-- ABOUT THIS EXERCISE --
Every line of the records below from the line with "Luciano Michelini POLIZIA" up to and including the line with "Halil Ibrahim Bulut" must be reproduced exactly, and no line outside that range.

PROVIDED MATERIAL START

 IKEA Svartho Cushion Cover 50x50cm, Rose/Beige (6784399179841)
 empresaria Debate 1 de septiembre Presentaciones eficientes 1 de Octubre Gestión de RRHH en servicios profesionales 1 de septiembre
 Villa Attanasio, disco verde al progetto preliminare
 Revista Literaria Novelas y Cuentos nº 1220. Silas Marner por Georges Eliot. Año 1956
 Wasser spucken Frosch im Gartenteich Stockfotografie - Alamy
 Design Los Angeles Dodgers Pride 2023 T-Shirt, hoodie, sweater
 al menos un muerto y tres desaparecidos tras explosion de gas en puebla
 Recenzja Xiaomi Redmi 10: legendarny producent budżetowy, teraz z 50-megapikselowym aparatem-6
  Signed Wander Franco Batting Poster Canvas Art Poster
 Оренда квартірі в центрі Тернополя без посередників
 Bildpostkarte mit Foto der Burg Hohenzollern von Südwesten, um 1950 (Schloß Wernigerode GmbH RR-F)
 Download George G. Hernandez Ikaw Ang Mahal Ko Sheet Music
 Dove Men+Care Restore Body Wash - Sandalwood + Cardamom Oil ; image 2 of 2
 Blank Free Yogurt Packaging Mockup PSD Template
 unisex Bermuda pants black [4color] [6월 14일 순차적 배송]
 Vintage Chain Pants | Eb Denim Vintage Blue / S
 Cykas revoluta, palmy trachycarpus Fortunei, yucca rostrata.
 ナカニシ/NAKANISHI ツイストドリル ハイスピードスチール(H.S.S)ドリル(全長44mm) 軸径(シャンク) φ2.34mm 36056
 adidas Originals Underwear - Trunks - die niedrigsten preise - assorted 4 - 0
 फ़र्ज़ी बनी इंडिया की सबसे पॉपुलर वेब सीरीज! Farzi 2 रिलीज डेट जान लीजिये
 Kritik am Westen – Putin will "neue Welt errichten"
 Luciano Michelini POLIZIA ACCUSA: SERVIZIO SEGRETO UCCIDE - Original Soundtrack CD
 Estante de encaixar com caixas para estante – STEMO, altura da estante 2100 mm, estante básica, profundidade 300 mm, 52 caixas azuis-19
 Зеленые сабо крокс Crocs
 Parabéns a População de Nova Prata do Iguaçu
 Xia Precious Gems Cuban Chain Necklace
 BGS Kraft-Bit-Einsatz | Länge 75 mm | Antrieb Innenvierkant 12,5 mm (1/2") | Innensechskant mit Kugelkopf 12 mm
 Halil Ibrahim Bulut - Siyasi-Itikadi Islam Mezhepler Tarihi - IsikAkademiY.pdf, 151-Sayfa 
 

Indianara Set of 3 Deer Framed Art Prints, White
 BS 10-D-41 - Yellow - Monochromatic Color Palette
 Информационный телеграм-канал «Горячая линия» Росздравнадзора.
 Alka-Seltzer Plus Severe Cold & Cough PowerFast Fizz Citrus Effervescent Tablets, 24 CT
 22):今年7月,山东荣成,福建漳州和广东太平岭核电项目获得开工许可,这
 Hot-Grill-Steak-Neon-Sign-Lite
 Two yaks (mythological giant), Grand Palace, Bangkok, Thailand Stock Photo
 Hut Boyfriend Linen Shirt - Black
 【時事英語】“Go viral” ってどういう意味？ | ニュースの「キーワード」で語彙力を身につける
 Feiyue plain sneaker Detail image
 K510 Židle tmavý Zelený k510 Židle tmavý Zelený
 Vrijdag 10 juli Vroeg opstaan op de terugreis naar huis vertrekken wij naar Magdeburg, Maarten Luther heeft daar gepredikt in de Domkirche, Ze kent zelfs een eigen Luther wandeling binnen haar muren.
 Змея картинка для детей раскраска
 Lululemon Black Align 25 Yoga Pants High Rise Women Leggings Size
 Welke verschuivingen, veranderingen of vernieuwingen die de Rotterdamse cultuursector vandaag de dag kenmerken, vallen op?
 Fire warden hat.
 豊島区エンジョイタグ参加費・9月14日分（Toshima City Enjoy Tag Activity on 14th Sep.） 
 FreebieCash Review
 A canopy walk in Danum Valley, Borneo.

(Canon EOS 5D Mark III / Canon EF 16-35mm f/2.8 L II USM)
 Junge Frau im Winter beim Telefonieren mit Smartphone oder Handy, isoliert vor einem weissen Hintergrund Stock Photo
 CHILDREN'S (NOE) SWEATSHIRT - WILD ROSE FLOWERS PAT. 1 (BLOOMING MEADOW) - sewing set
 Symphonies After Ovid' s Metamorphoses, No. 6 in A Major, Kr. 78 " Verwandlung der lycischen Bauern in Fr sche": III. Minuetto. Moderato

PROVIDED MATERIAL END

-- SOLUTION TO THIS PROBLEM --
 Luciano Michelini POLIZIA ACCUSA: SERVIZIO SEGRETO UCCIDE - Original Soundtrack CD
 Estante de encaixar com caixas para estante – STEMO, altura da estante 2100 mm, estante básica, profundidade 300 mm, 52 caixas azuis-19
 Зеленые сабо крокс Crocs
 Parabéns a População de Nova Prata do Iguaçu
 Xia Precious Gems Cuban Chain Necklace
 BGS Kraft-Bit-Einsatz | Länge 75 mm | Antrieb Innenvierkant 12,5 mm (1/2") | Innensechskant mit Kugelkopf 12 mm
 Halil Ibrahim Bulut - Siyasi-Itikadi Islam Mezhepler Tarihi - IsikAkademiY.pdf, 151-Sayfa 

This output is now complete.